Niret and Nikhil Alva, creators of Indian Idol and Fame Gurukul, arrived on the reality TV platform way before Abhijit Sawant and Qazi Touqeer made it a household favourite, says Sourish Bhattacharyya

Javed Akhtar used to wonder whether Kashmir had really been mainstreamed into India as we would like to believe. After over four months as Fame Gurukul judge, the poet is no longer wracked by self-doubt. There's no way Qazi Touqeer would've walked away with the top honour and millions of best wishes had only the Valley voted for him.

His victory, Akhtar told the show's creator, Niret Alva, was small-town India's way of telling the world that though it couldn't make a real difference to the Valley's political situation, it could at least vote for Qazi and make Kashmir bond with India.

Voiceless Indians like the 36-year-old Jabalpur housewife and mother of two who has run up a cellphone bill of a lakh in a month and a half because she kept SMSing from five in the morning to bail out Qazi, may have achieved what the country's leadership hasn't.
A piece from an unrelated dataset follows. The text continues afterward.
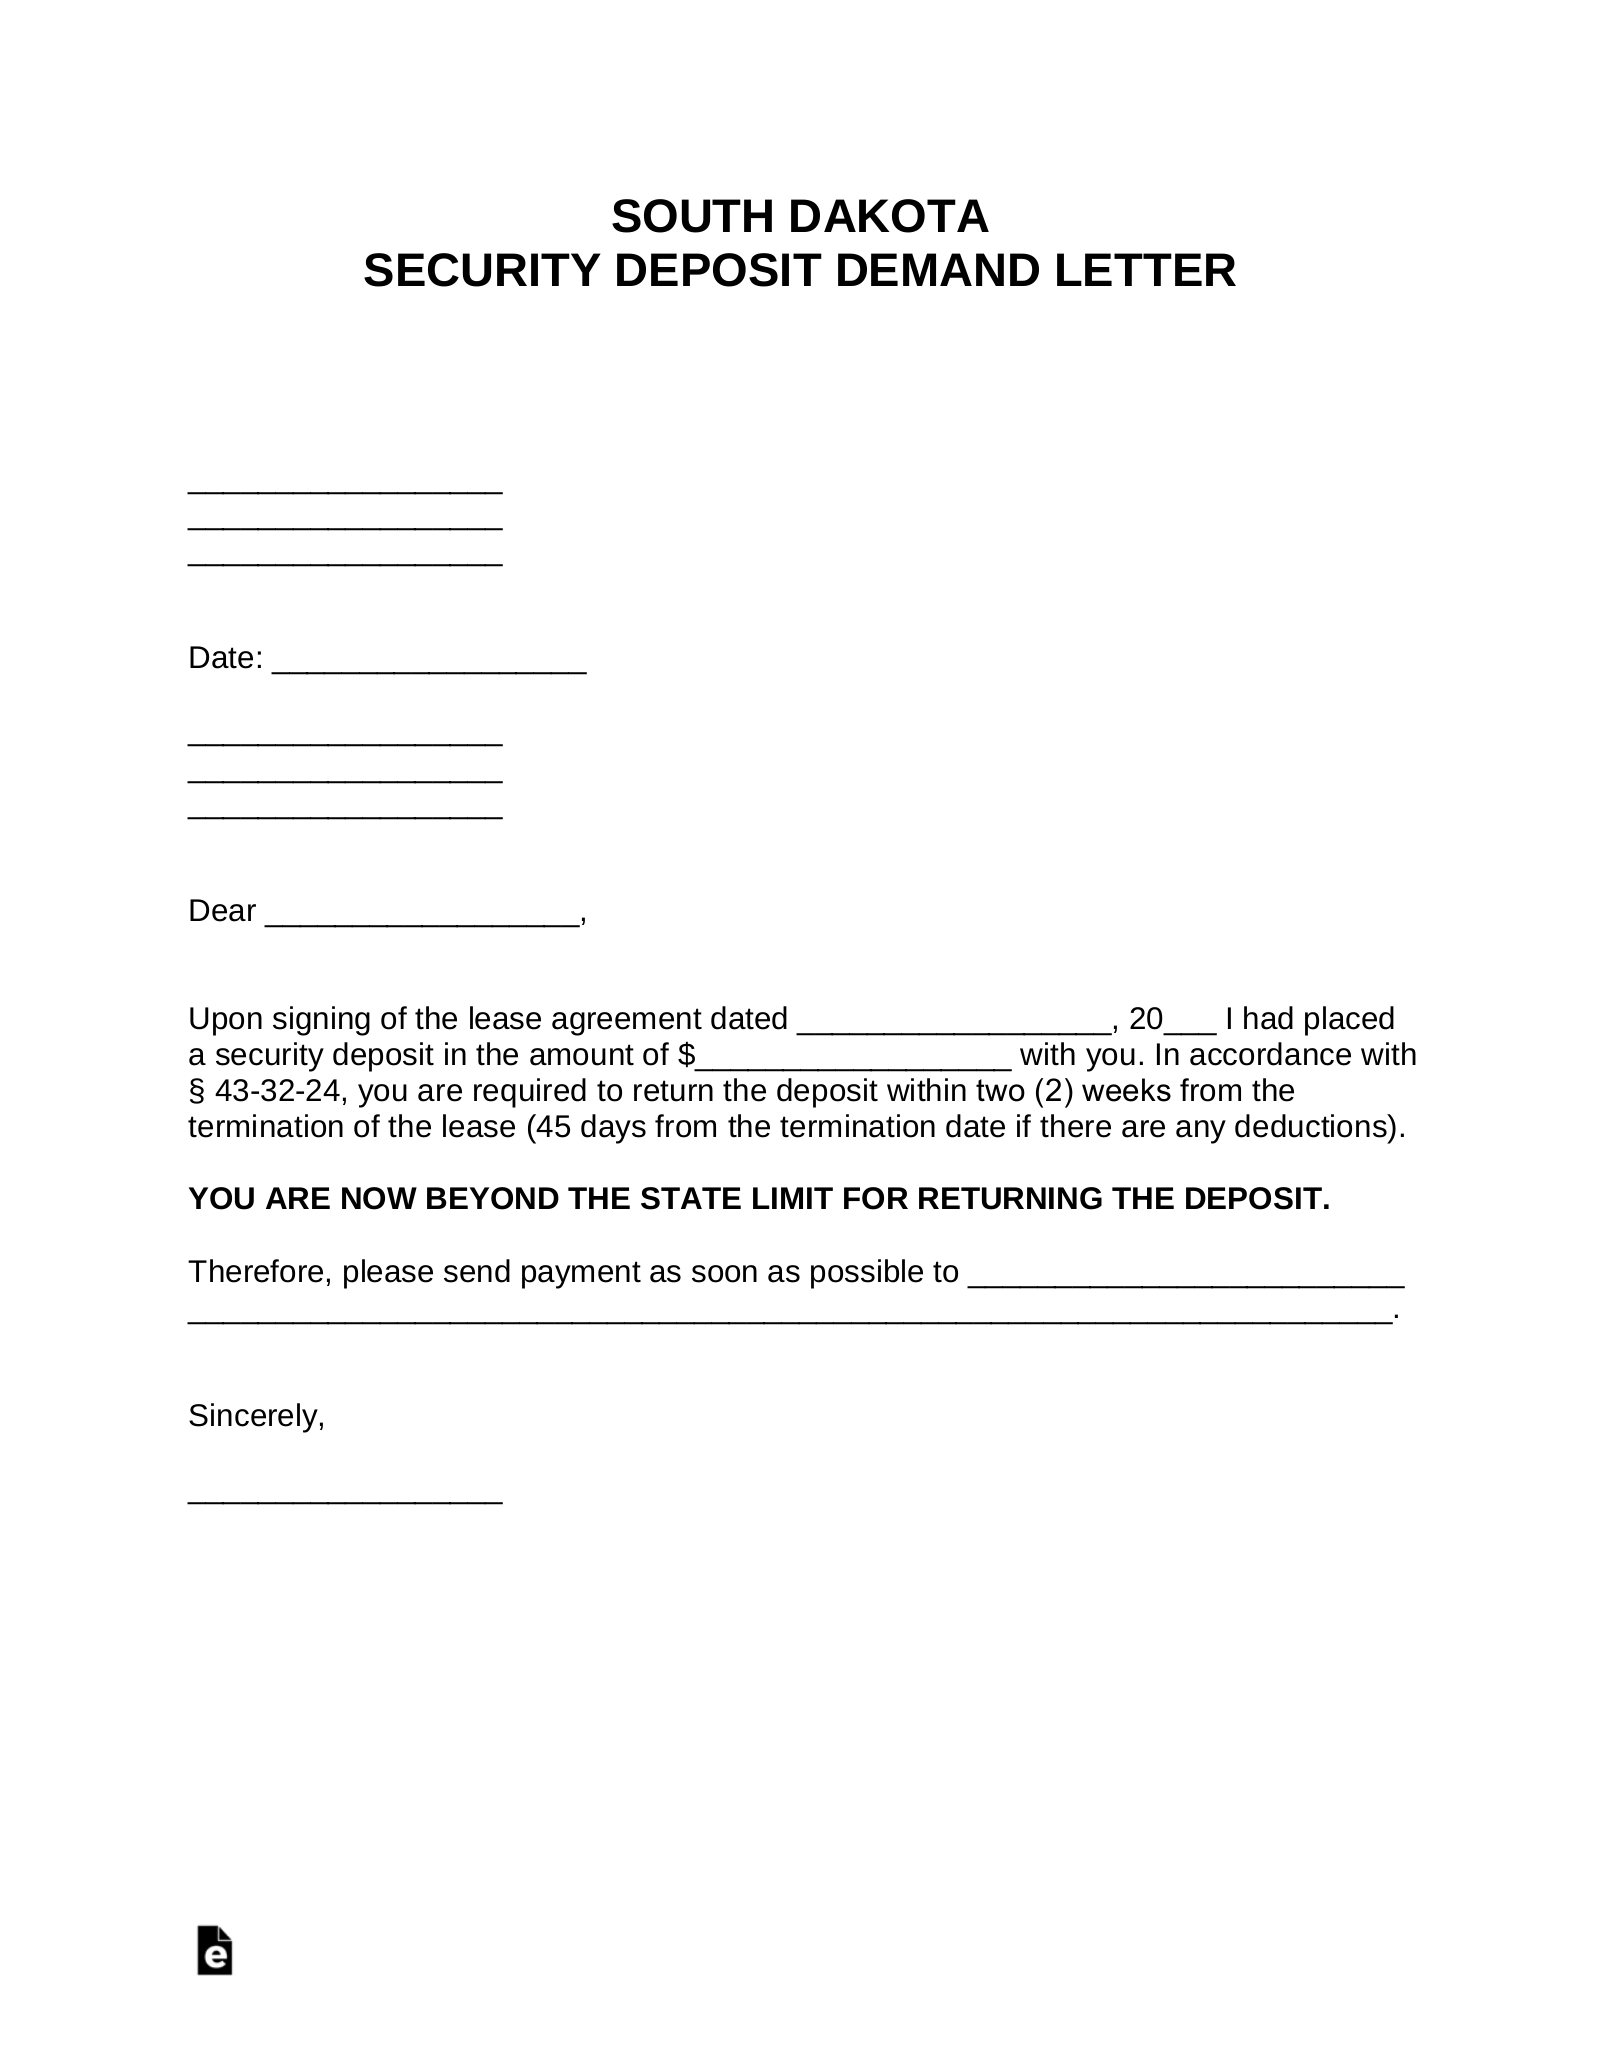 South Dakota Security Deposit Demand Letter

They may have ended the Valley's deep-rooted sense of alienation, which Niret was reporting as a television journalist working for the news video magazine,

Eyewitness, 15 years ago. In just one Fame Gurukul episode, Qazi got 48 lakh SMSs in his support.
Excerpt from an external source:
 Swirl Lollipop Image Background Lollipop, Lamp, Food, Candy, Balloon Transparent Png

"Now, we're looking at the fallout of the Qazi phenomenon," says Niret, who's jet-hopping across the country for the early rounds of Indian Idol II, which goes on air on November 21. "This year, we have been swamped with entries from towns in Kashmir I had never heard of." Coming from Niret, it means a lot.

He, after all, had interviewed Kashmiri militants in their hideouts when the Valley was on fire and nearly gave the late Gen. Krishnaswamy Sundarji an apoplectic fit by telling him at a media briefing that the Army had killed more people at peace-time than in the wars it has fought. Today, he has colonels and DIGs pulling rank on him in their eagerness to see their wards become the next Abhijit Sawant or Ruprekha Banerjee.

"When we first went to channels with the idea of doing reality shows," recalls Nikhil, his younger brother and CEO, "no one gave us much of a chance. Indians don't want more reality, they have too much of it already in their lives, we were told." Initially, even the brothers weren't very sure when the BBC pushed them to produce the reality TV series, Hospital in 2001, which won many awards for its fly-on-the-wall view of the country's leading government hospital, All India Institute of Medical Sciences.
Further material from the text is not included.